# Exercise
The tail of the records, from the line containing "唯美淑 VIME SHU商标图片" through the final line, should be printed exactly and on its own.

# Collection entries

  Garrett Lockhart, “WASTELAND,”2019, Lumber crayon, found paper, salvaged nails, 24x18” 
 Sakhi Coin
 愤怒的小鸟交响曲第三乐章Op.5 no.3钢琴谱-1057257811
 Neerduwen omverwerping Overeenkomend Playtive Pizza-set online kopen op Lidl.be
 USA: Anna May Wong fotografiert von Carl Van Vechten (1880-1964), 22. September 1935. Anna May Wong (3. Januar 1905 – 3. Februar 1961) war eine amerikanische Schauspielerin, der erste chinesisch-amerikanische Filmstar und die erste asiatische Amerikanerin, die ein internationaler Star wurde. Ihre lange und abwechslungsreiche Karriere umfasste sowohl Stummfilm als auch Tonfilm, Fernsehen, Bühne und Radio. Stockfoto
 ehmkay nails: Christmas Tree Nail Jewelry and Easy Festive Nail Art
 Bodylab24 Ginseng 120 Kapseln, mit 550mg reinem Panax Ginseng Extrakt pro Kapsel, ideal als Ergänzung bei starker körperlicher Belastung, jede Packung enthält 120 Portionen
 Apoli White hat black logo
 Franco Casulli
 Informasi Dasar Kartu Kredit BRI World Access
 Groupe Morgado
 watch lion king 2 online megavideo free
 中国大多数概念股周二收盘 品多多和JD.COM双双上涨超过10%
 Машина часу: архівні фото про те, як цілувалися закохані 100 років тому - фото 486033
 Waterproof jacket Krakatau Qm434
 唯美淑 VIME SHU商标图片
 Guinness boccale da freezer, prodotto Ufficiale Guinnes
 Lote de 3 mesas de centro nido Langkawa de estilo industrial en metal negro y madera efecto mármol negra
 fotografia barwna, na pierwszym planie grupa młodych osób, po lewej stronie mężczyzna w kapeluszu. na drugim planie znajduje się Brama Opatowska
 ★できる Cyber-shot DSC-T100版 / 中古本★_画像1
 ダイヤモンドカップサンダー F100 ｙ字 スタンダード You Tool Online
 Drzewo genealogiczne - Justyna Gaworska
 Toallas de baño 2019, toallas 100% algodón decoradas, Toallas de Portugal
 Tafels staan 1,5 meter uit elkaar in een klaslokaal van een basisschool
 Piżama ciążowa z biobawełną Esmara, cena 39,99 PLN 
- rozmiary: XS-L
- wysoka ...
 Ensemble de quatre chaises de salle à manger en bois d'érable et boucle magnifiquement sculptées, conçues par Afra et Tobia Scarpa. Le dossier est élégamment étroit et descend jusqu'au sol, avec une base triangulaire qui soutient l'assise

# Answer section
 唯美淑 VIME SHU商标图片
 Guinness boccale da freezer, prodotto Ufficiale Guinnes
 Lote de 3 mesas de centro nido Langkawa de estilo industrial en metal negro y madera efecto mármol negra
 fotografia barwna, na pierwszym planie grupa młodych osób, po lewej stronie mężczyzna w kapeluszu. na drugim planie znajduje się Brama Opatowska
 ★できる Cyber-shot DSC-T100版 / 中古本★_画像1
 ダイヤモンドカップサンダー F100 ｙ字 スタンダード You Tool Online
 Drzewo genealogiczne - Justyna Gaworska
 Toallas de baño 2019, toallas 100% algodón decoradas, Toallas de Portugal
 Tafels staan 1,5 meter uit elkaar in een klaslokaal van een basisschool
 Piżama ciążowa z biobawełną Esmara, cena 39,99 PLN 
- rozmiary: XS-L
- wysoka ...
 Ensemble de quatre chaises de salle à manger en bois d'érable et boucle magnifiquement sculptées, conçues par Afra et Tobia Scarpa. Le dossier est élégamment étroit et descend jusqu'au sol, avec une base triangulaire qui soutient l'assise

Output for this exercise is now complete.